「世界遺産 縄文展~遮光器土偶が見ていた世界~」東北歴史博物館 (宮城県多賀城市)
先日、多賀城市の東北歴史博物館で開催中の「世界遺産 縄文展~遮光器土偶が見ていた世界~」を観てきました。 令和3年に、北海道・北東北の縄文遺跡群として北海道 6、青森県 8、秋田県 2、岩手県 1、の計17ヶ所の遺跡がユネスコの世界文化遺産に登録されました。 今回の展覧会では、この遺跡群から出土した所蔵物等が一堂に集合・展示。国宝・重要文化財18点を含む420点を出品するという圧巻の内容でした。多くの展示品の中から目玉を中心に、ほんの少しだけ紹介。 ちなみに、今から約16000年前~2400年前までの間を縄文時代と呼びます。
東北歴史博物館 「世界遺産 縄文展」
自宅から車で約30分で到着。楽しみにしていただけに、なんかワクワクしますね。 駐車場には県外ナンバーの車もいっぱい!! 驚きました。世の中、縄文・土偶ブームなんですね!!(笑)
入口付近にて
この日は平日でしたが、高齢者を中心に多くの人が訪れていました。すでに2万人を突破し、3万人に迫る勢いだそうです。関係者の方々も大いに喜んでいるでしょう。
館内の様子
館内は全て 「撮影可」 でした。東北歴史博物館は、いつも 「撮影可」 です。だから好きなんですよね。
重文「遮光器土偶」 縄文時代晩期 (約3000年前)
宮城県大崎市の遺跡から出土した完璧な遮光器土偶。 現在は、東京国立博物館所蔵で、近々国宝に指定されると言われています。 遮光器土偶は、東北地方で多く発掘される土偶で 「東北独自のデザイン」 とされています。
良く見ると、ユーモラスでかわいい感じがします。だから 「しゃこちゃん」 とか呼ばれていて人気があるのでしょう。
重文 「遮光器土偶」 縄文時代晩期 (約3000年前)
青森県三戸町 八日町遺跡出土 青森県立郷土館所蔵
今回の展覧会では、東北各地から出土した10体くらいの遮光器土偶を観ることができます。
国宝 「縄文の女神」 縄文時代中期 (約6000年前)
山形県舟形町西ノ前遺跡出土 山形県立博物館所蔵
大胆にデフォルメされたデザインが素晴らしいですね。正に現代アートの世界です。
国宝 「合掌土偶」 縄文時代後期 (約4000年前)
青森県八戸市 風張遺跡出土 八戸市埋蔵文化財センター所蔵
見るからにシュールですね。素晴らしい!!
国宝 「中空土偶」 縄文時代後期 (約4000年前)
北海道函館市 著保内野遺跡出土 市立函館博物館所蔵
文字通り中が空洞の土偶。表面には朱が塗られていて 作られた当時は真っ赤な土偶だったとのこと。空洞にする技術は、かなり高度なものだったようです。驚きましたね。

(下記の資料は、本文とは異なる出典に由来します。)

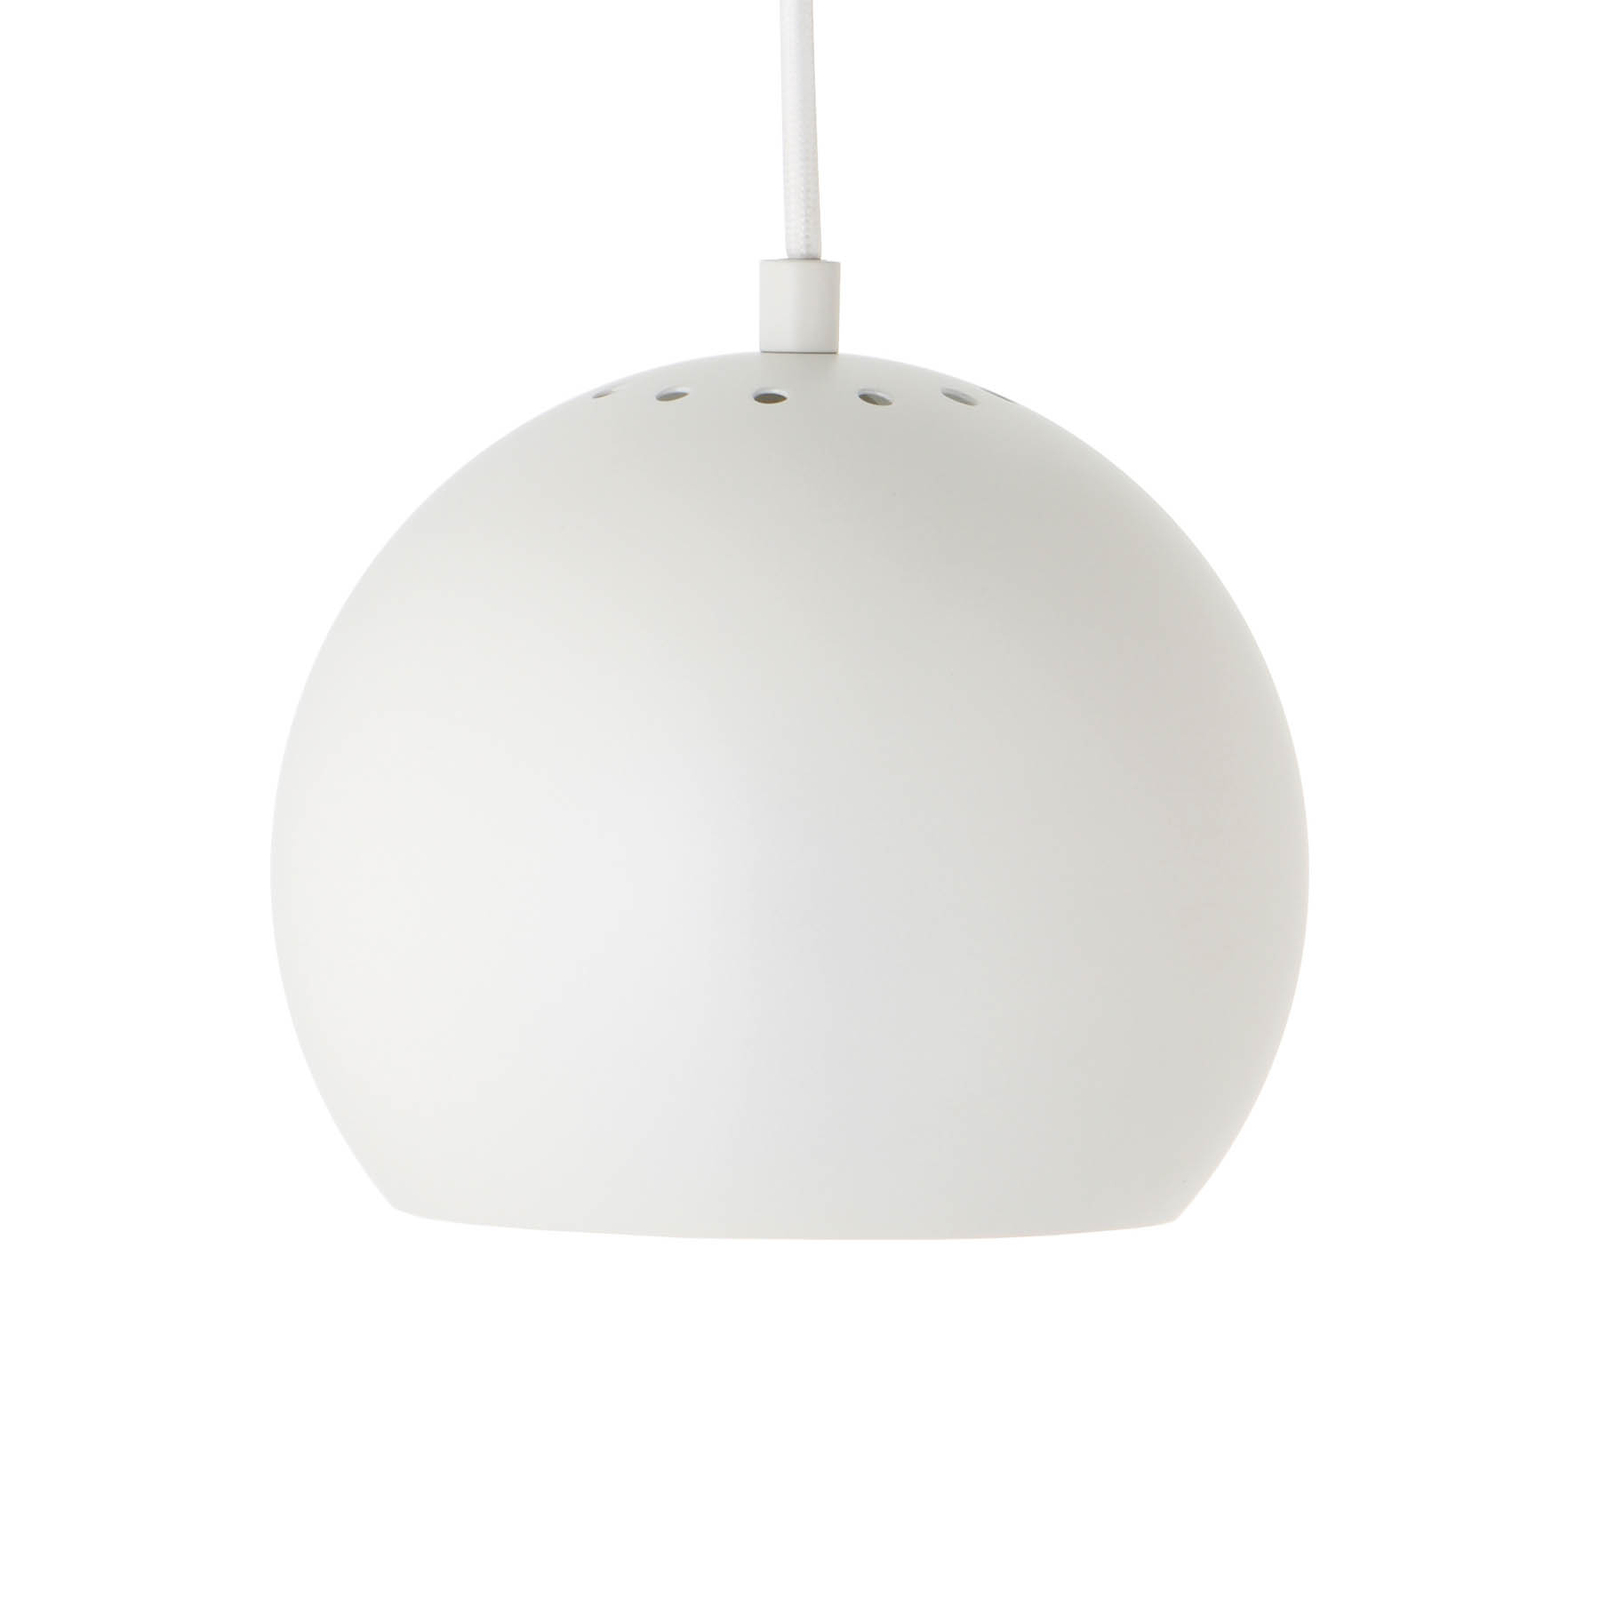 FRANDSEN gömb függő lámpa Ø 18 cm matt fehér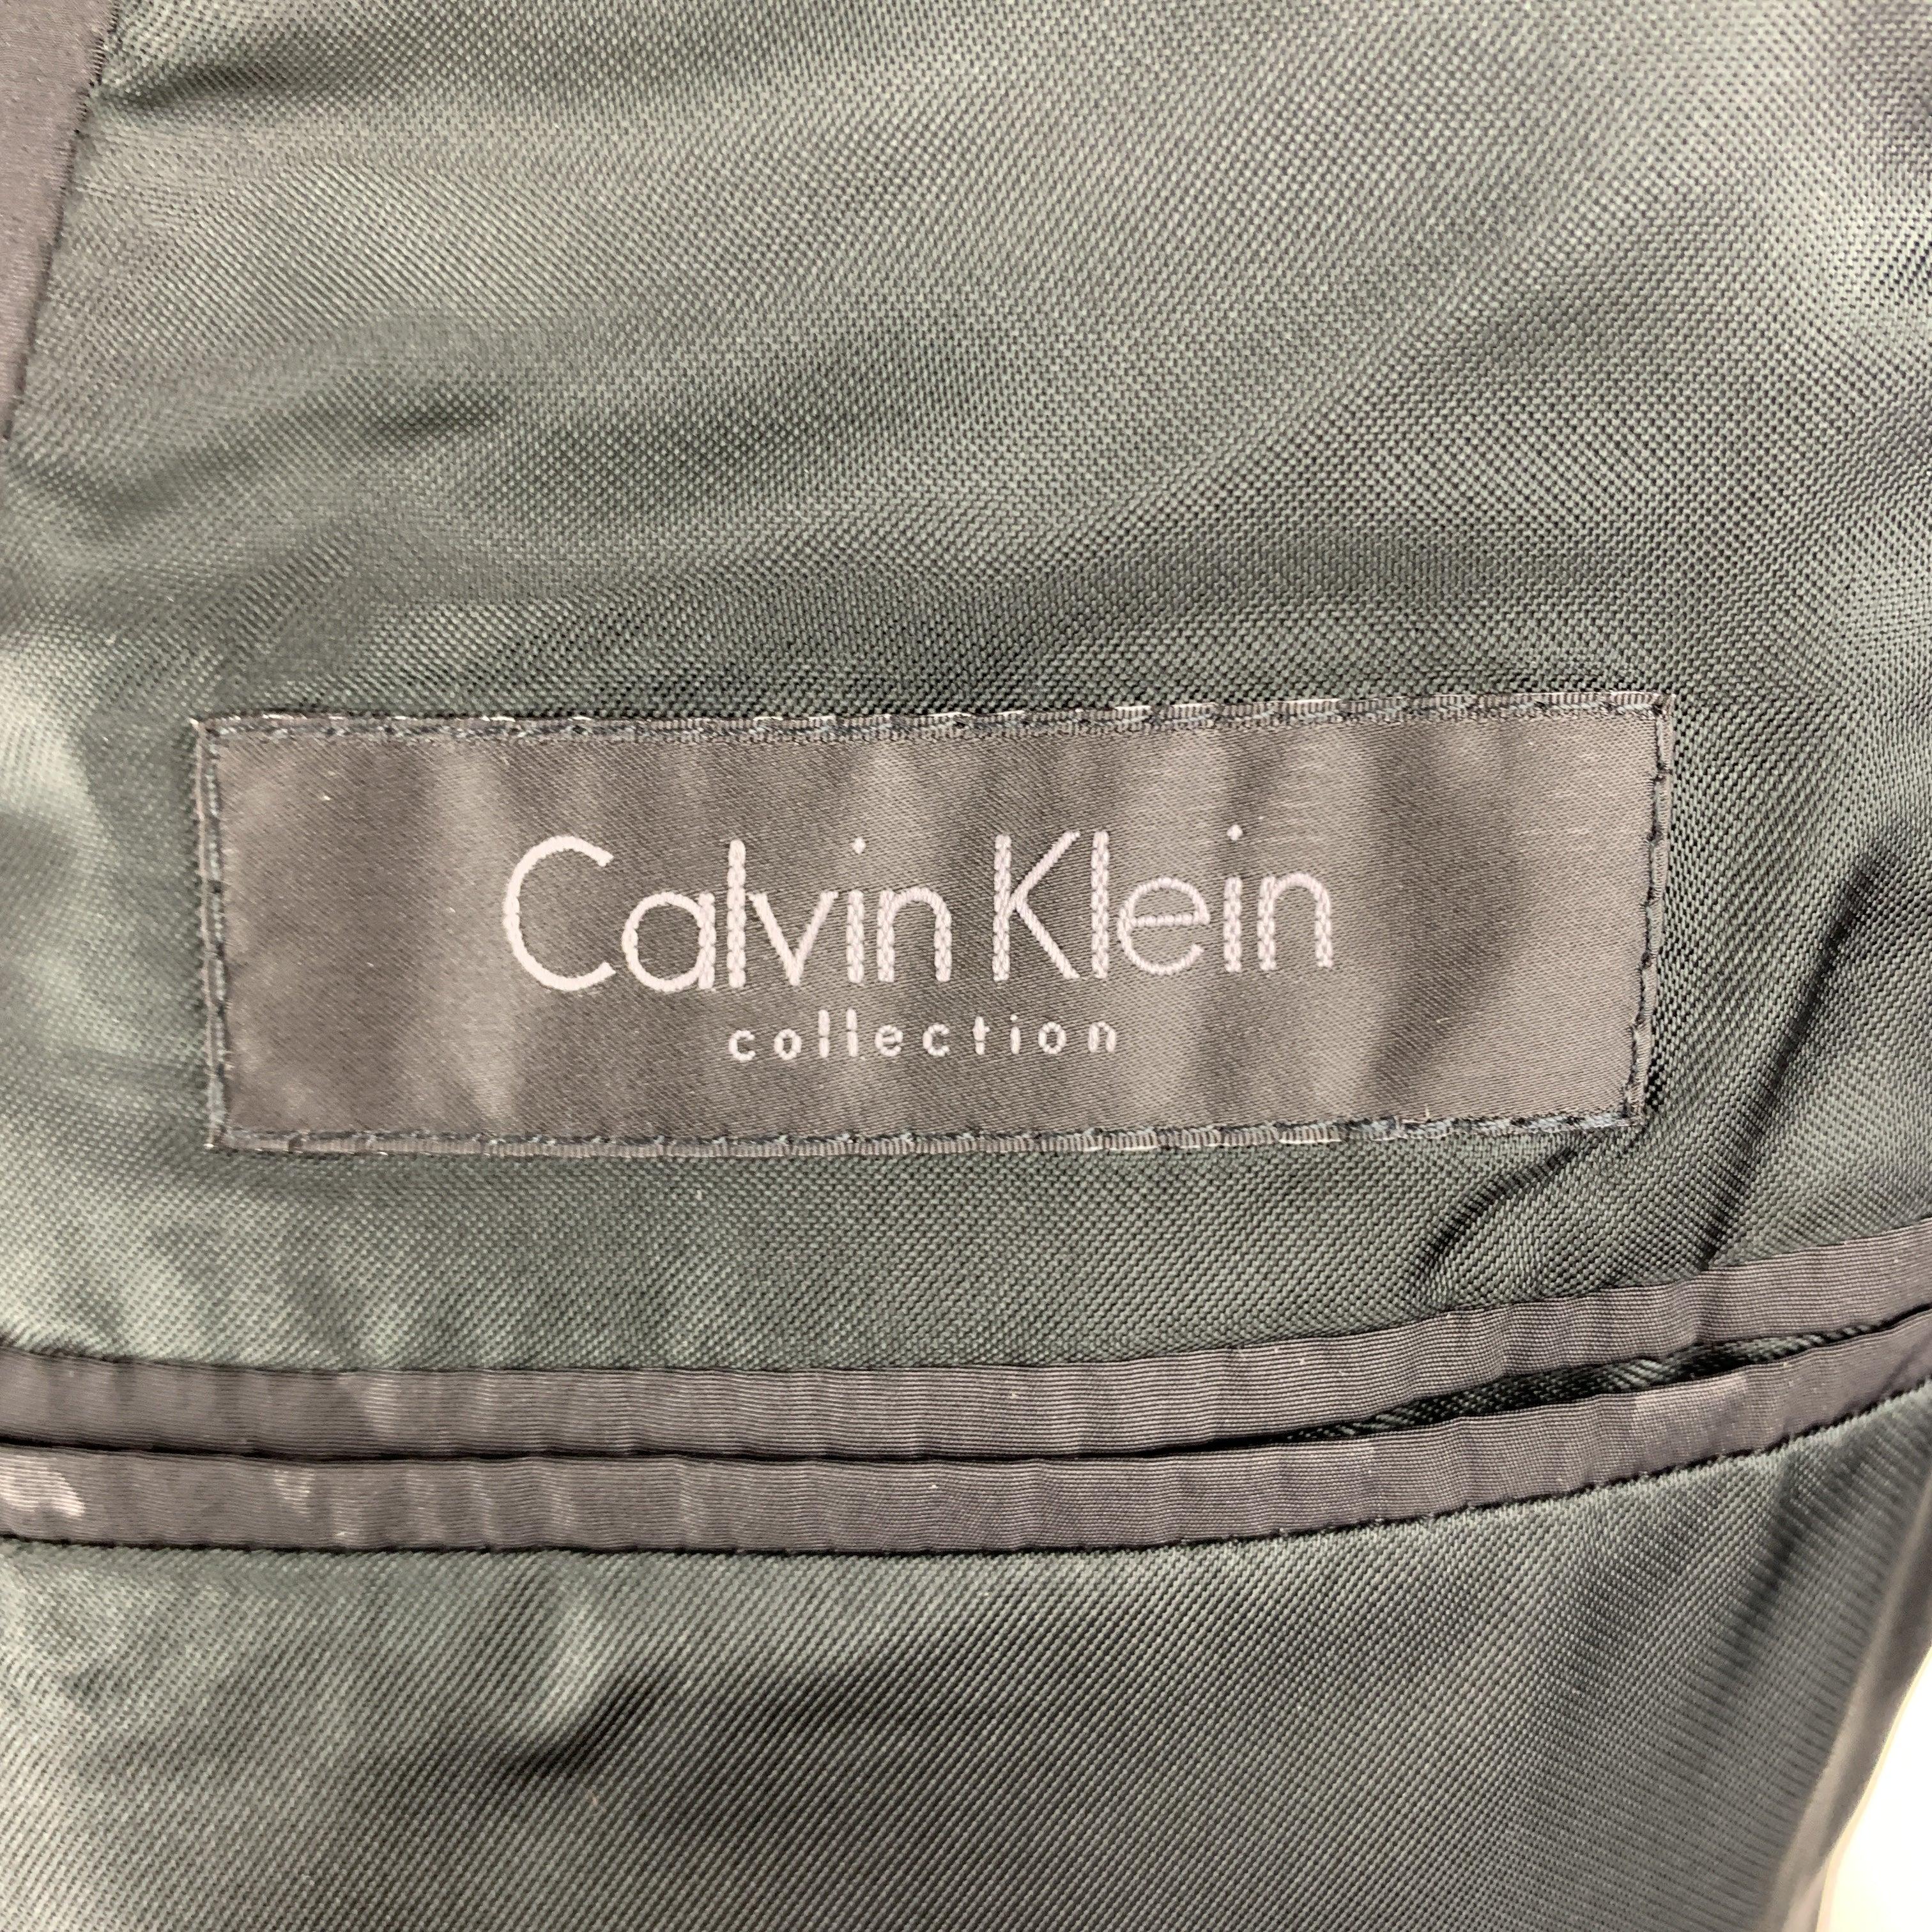 CALVIN KLEIN COLLECTION Size 36 Black on Black Floral Notch Lapel Sport Coat For Sale 4

重文 「大型板状土偶」 縄文時代中期 (約6000年前)
青森県青森市 三内丸山遺跡出土 三内丸山遺跡センター所蔵
板状の珍しい土偶。口から脚にかけて孔が貫通しているそうです。なにか呪術的なものを感じます。
重文 「大型土偶頭部」 縄文時代後期 (約4000年前)
岩手県盛岡市 萪内 (しだない) 遺跡出土 東北歴史博物館所蔵
こちらも呪術的ですね。正にアフリカンアートの世界。縄文人の世界観や呪術アートをこよなく愛した、岡本太郎の 「芸術は呪術である!!」 を思い出しました。
「掘立柱建物の巨大な柱」 縄文時代中期 (約6000年前)
青森県青森市三内丸山遺跡出土
復元された巨大な物見やぐらの最下部 (クリの柱) が腐らずに残っていたそうです。
「彩文朱塗り浅鉢形土器」 縄文時代晩期 (約3000年前)
青森県つがる市 亀ヶ岡遺跡出土 青森県立郷土館所蔵
土器の表面に黒色の漆を塗り、さらに赤色の漆で文様を描いたそうです。現代の漆工芸品と比べても、全く遜色がない出来栄えです。縄文人は、芸術家・工芸作家の集団か??と思ってしまいました。
漆製品のさまざま
青森県の遺跡から出土したもので、器や杯、土器、弓、耳飾り、櫛などに、漆が丁寧に塗られていました。魔除けや復活、再生などの観念と結びついていたようです。